The ElastoSens™ Bio helps biologists and material scientists unlock scientific discoveries and technological advancements thanks to advanced features and capabilities to test the mechanical properties of biomaterials.
Discover below how the ElastoSens™ Bio measures without contact and non-destructively the viscoelasticity of forming or degrading hydrogels, bioengineered tissues, hemostatic agents, blood and plasma clots, 3D bioprinted structures and biokins, and much more.
Formulation of hydrogels
ElastoSens Bio tests smarter and gives you the power of Soft Matter Analytics™ to accelerate the formulation and testing of hydrogels. Test the formation, stability and degradation of your material using the same sample, over long periods of time and under fully controled environmental conditions.

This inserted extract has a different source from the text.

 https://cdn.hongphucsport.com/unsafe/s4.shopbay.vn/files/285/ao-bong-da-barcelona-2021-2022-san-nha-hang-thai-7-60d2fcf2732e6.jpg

Cellularized hydrogels have been widely investigated for producing in vitro models of tissues such as skin, blood vessels, bone, etc. These models can be a valuable alternative to animal models used in trials for studying physio/pathological processes and for testing new drugs and medical devices.
Natural polymers such as collagen, fibrin, chitosan, and agarose exhibit superior biological activity when compared to synthetic materials and so, they are often used to entirely or partially compose hydrogels. The formation of a hydrogel is governed by the development of physical or chemical bonds between the polymeric chains and depends strongly on its formulation. The formulation of a hydrogel includes the selection and dosage of the polymer, solvent and crosslinking agent (when present).
Hydrogels have been widely used in biomedical research for developing engineered tissues and novel treatments such as wound dressings and drug delivery systems. Photo-crosslinkable polymers are an interesting option in the field due to the possibility of tuning its microstructure by regulating the wavelength, intensity and duration of the applied light [1, 2, 3].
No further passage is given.